Başındaki Pukao’suyla bir Moai
En yakın kıtaya 3700km, en yakın yerleşim olan kara parçasına 2000km mesafede, 165km²’lik ufak bir ada: Paskalya Adası. Doğru düzgün sahili olmayan; ne bitki örtüsü, ne coğrafi özellikleri, ne de yeraltı kaynakları ilgi çekici olmayan bu volkanik adanın dünya çapındaki şöhretinin tek sebebi var: Moai.
Adaya Easter Island ismini, Avrupalı kaşiflerden biri, bir Paskalya Bayramı arefesinde adaya çıkması sebebiyle vermiş. Ancak adanın gizemi, Avrupalılar tarafından keşfedilmesinden çok çok öncesine dayanıyor. Adaya ilk ayak basan Polinezyalı denizcilerin adaya nasıl ulaştığı, aylarca açık okyanusta nasıl hayatta kaldıkları bir sır, adayla alakalı çok sayıdaki gizemden sadece biri.
İlk yerleşimciler hızla evler ve köyler inşa etmeye başlamışlar. Elips şeklindeki bu ev inşa tarzının, adaya ilk gelenler tarafından ev ihtiyacını en pratik şekilde karşılamak için teknelerini ters çevirmek suretiyle ortaya çıktığı sanılıyor.
Tekne-Ev Temeli
Adanın bitki örtüsü çoğunlukla palmiye ağaçlarından oluşuyordu. (Bugün sadece çayır çimen kalmış) Yerleşimciler yüzlerce yıl boyunca ev, tekne vb. temel ihtiyaçları dışında, Moai inşaası için de bu bitki örtüsünü tamamen yok etmişler.
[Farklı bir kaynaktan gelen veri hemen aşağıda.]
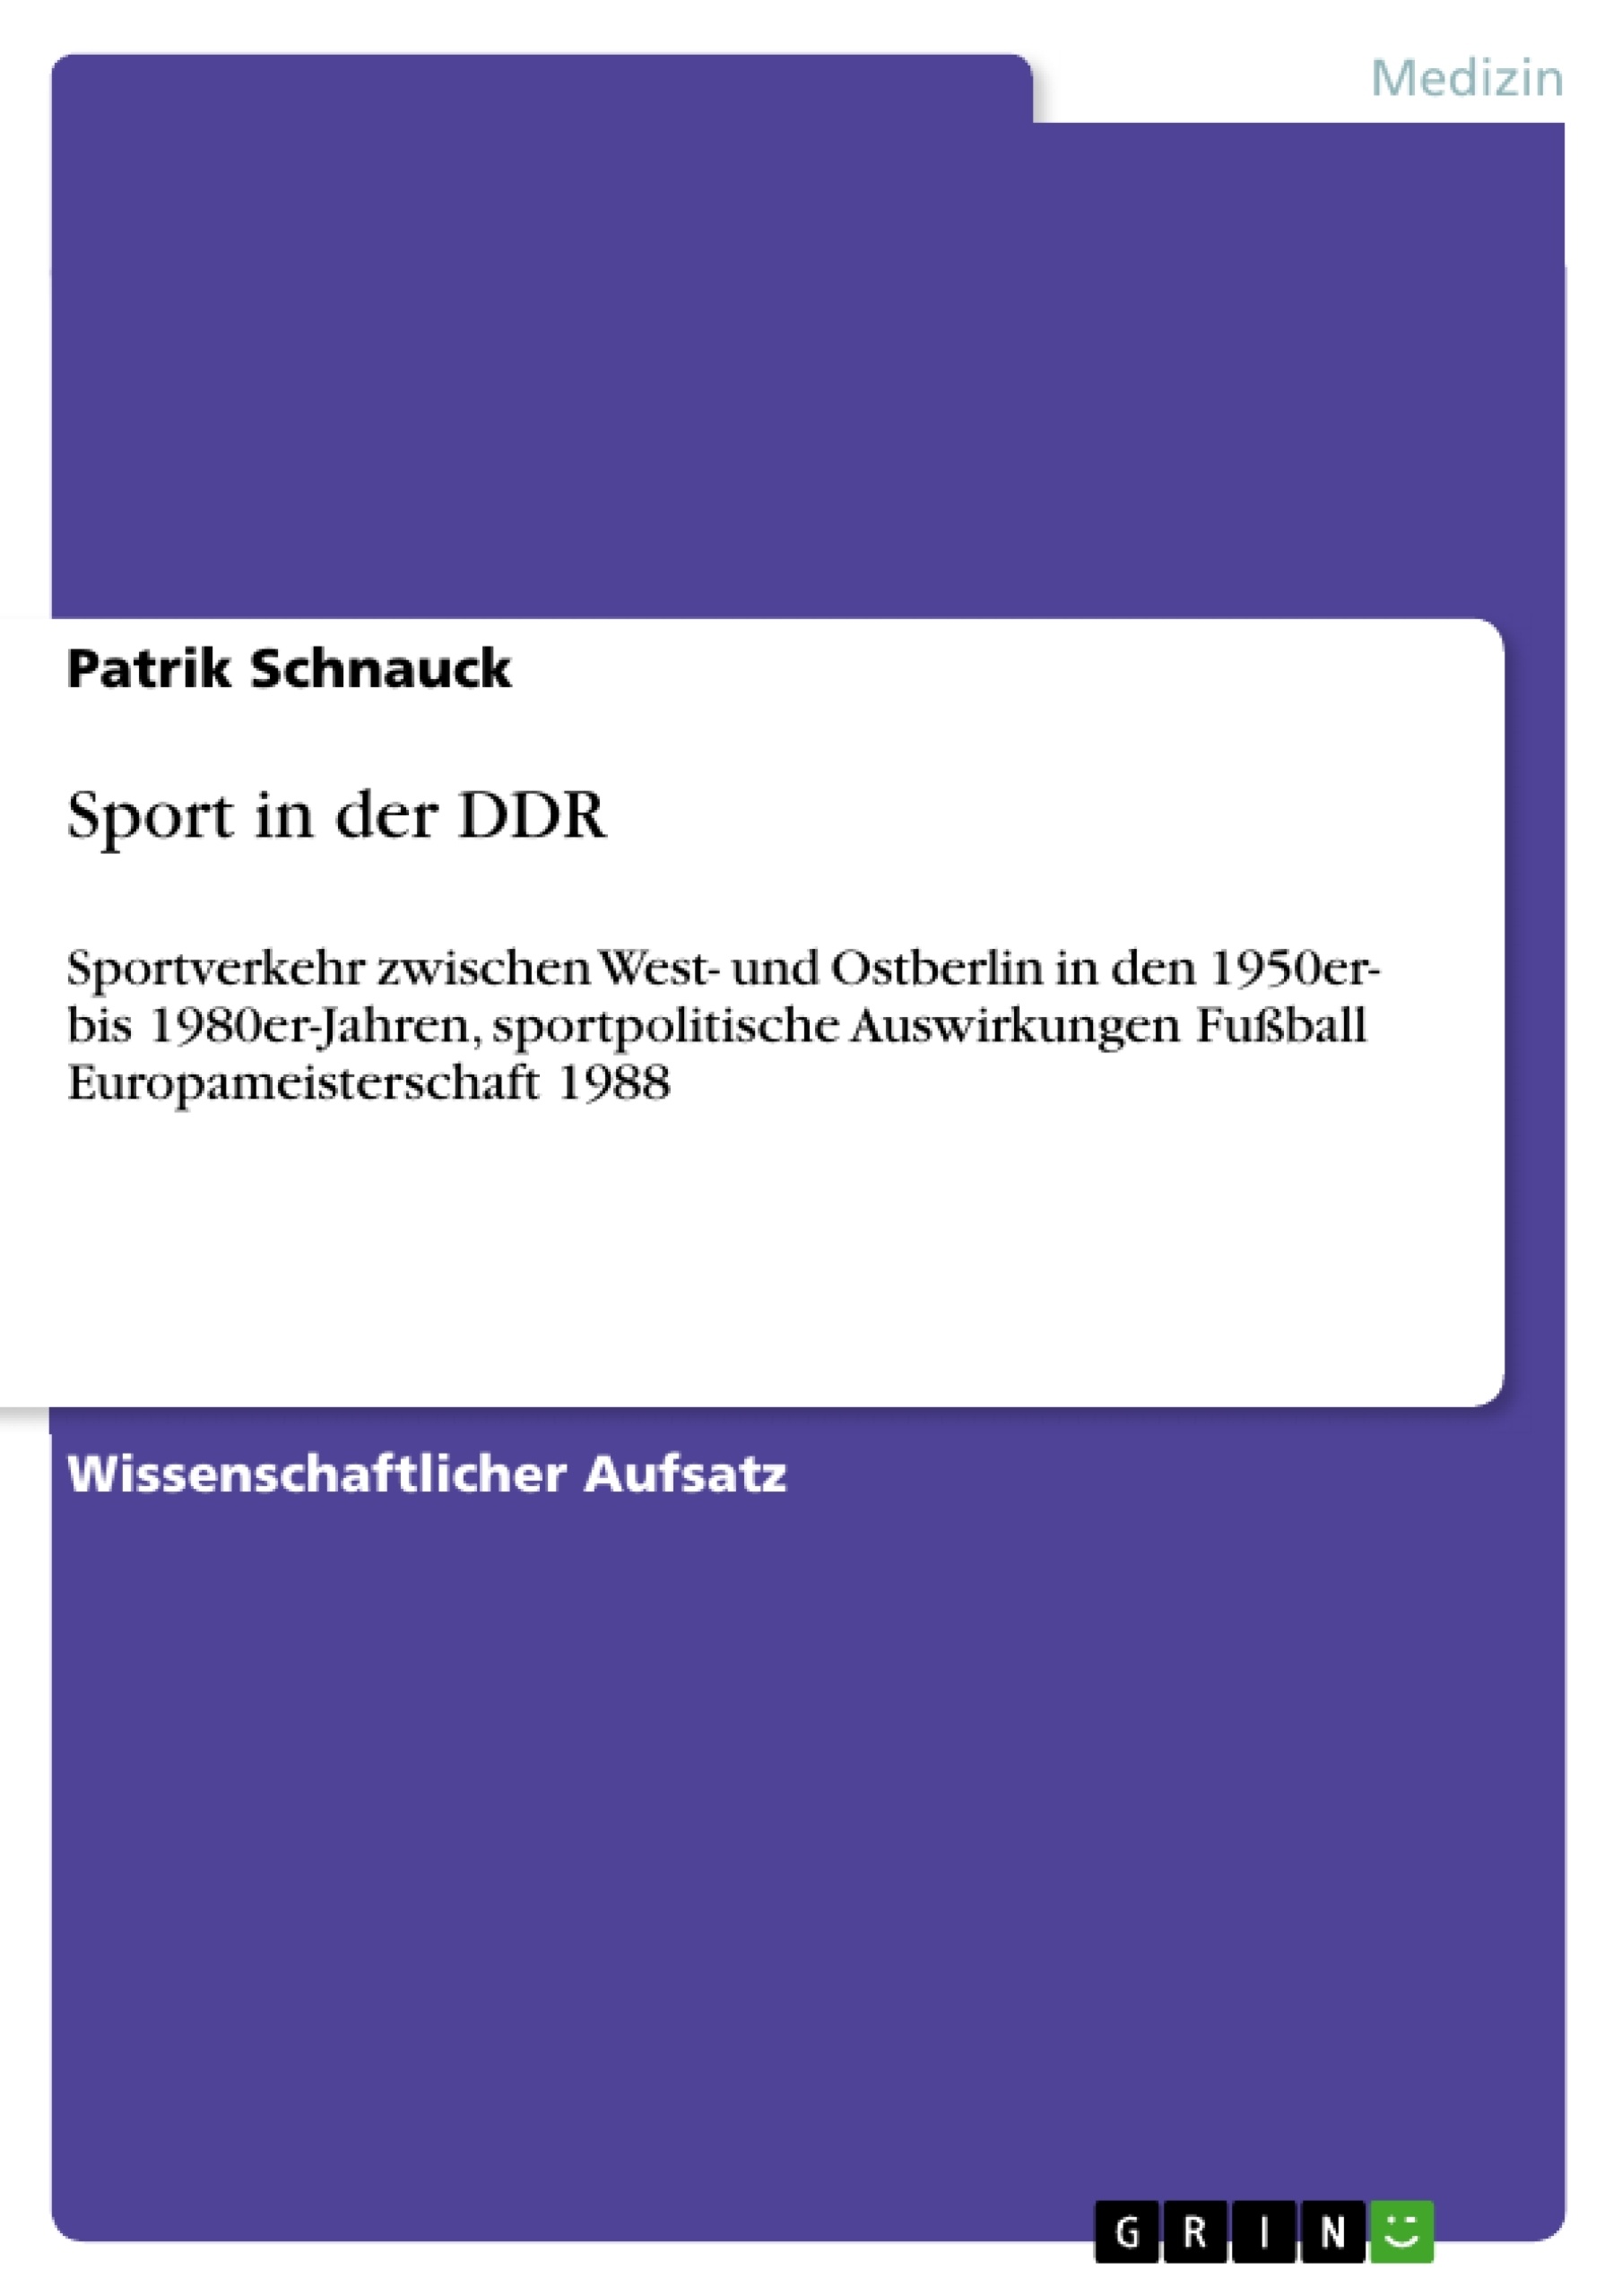 Title: Sport in der DDR

Adada nüfus arttıkça, değişik yerleşim bölgeleri, köyler oluşmuş ve kaçınılmaz olarak ada halkı klanlara bölünmüş. Birbirleriyle devamlı çatışma halinde olan bu klanların tek bir ortak noktası vardı: Moai inşaası ve bunun etrafında oluşmuş kült.